If an Artinian semisimple ring contains a field as a central subring, it is called a semisimple algebra.

=== Examples ===
- For a commutative ring, the four following properties are equivalent: being a semisimple ring; being Artinian and reduced; being a reduced Noetherian ring of Krull dimension 0; and being (isomorphic to) a finite direct product of fields.
- If K is a field and G is a finite group of order n, then the group ring K[G] is semisimple if and only if the characteristic of K does not divide n.

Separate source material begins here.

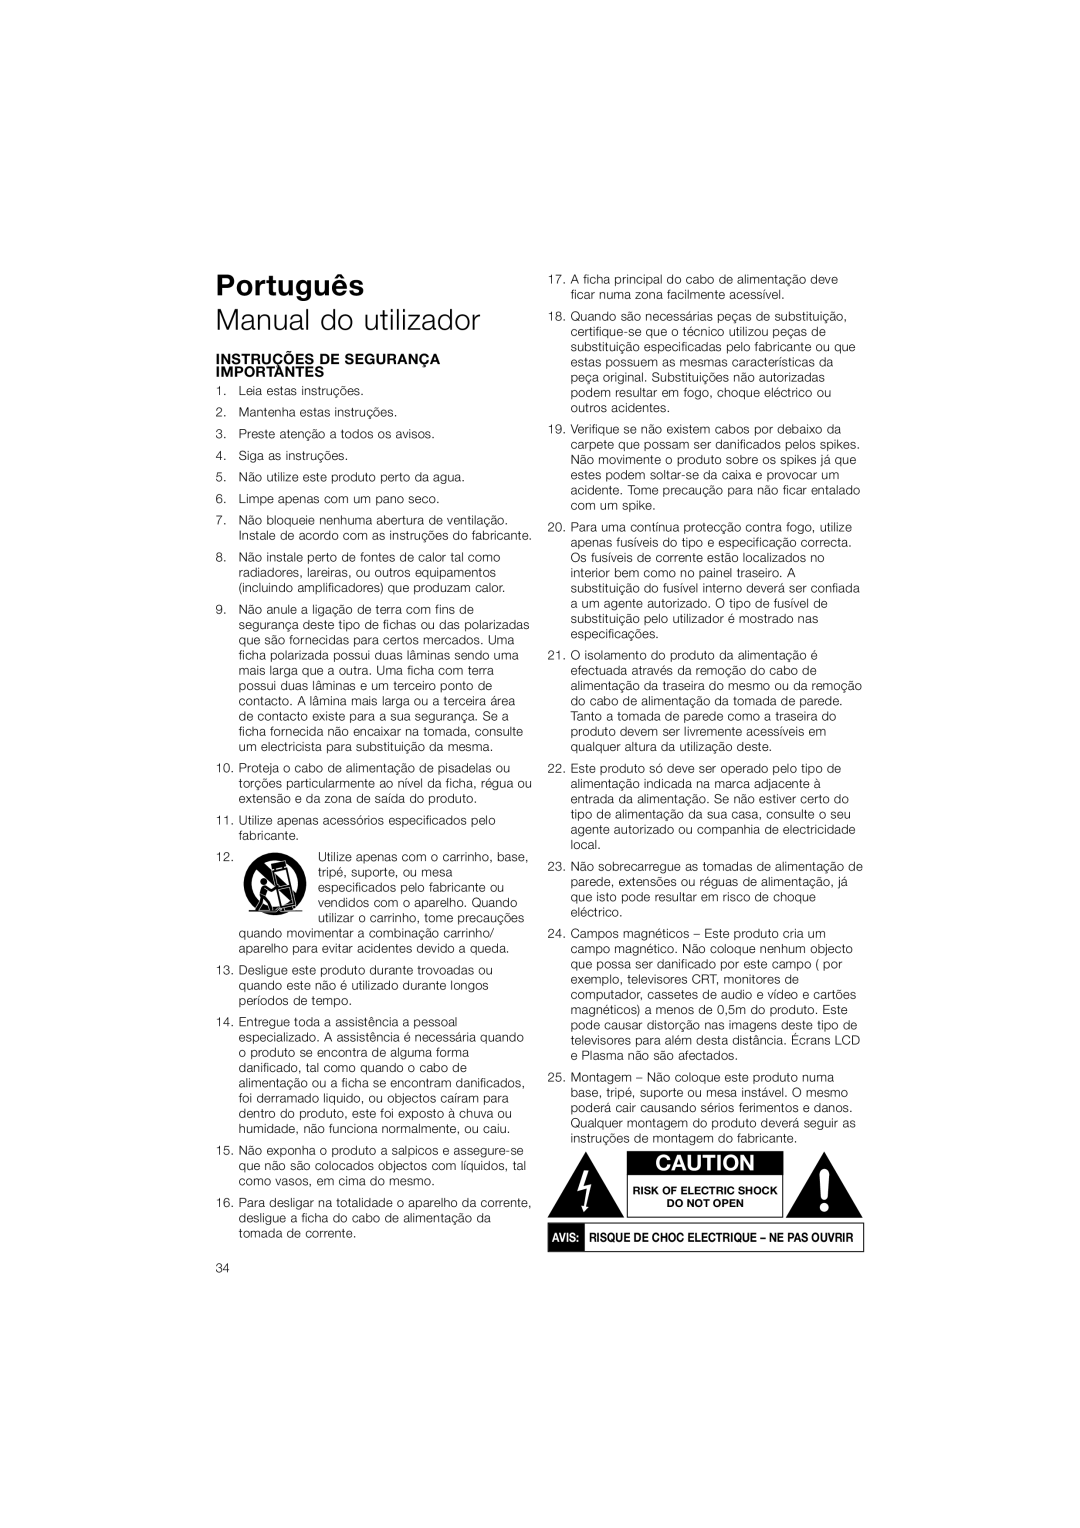 Bowers & Wilkins ASW608, ASW610XP owner manual Português, Manual do utilizador, Instruções De Segurança Importantes

This is Maschke's theorem, an important result in group representation theory.
- By the Wedderburn–Artin theorem, a unital ring R is semisimple if and only if it is (isomorphic to) Mn_{1}(D_{1}) × Mn_{2}(D_{2}) × ... × Mn_{r}(D_{r}), where each D_{i} is a division ring and each n_{i} is a positive integer, and M_{n}(D) denotes the ring of n-by-n matrices with entries in D.
- An example of a semisimple non-unital ring is M_{∞}(K), the row-finite, column-finite, infinite matrices over a field K.

=== Simple rings ===

One should beware that despite the terminology, not all simple rings are semisimple. The problem is that the ring may be "too big", that is, not (left/right) Artinian. In fact, if R is a simple ring with a minimal left/right ideal, then R is semisimple.

Classic examples of simple, but not semisimple, rings are the Weyl algebras, such as the Q-algebra
 $A=\mathbf{Q}{\langle x,y \rangle }/\langle xy-yx-1\rangle\ ,$
which is a simple noncommutative domain. These and many other nice examples are discussed in more detail in several noncommutative ring theory texts, including chapter 3 of Lam's text, in which they are described as nonartinian simple rings. The module theory for the Weyl algebras is well studied and differs significantly from that of semisimple rings.

=== Jacobson semisimple ===

A ring is called Jacobson semisimple (or J-semisimple or semiprimitive) if the intersection of the maximal left ideals is zero, that is, if the Jacobson radical is zero. Every ring that is semisimple as a module over itself has zero Jacobson radical, but not every ring with zero Jacobson radical is semisimple as a module over itself. A J-semisimple ring is semisimple if and only if it is an Artinian ring, so semisimple rings are often called Artinian semisimple rings to avoid confusion.

For example, the ring of integers, Z, is J-semisimple, but not Artinian semisimple.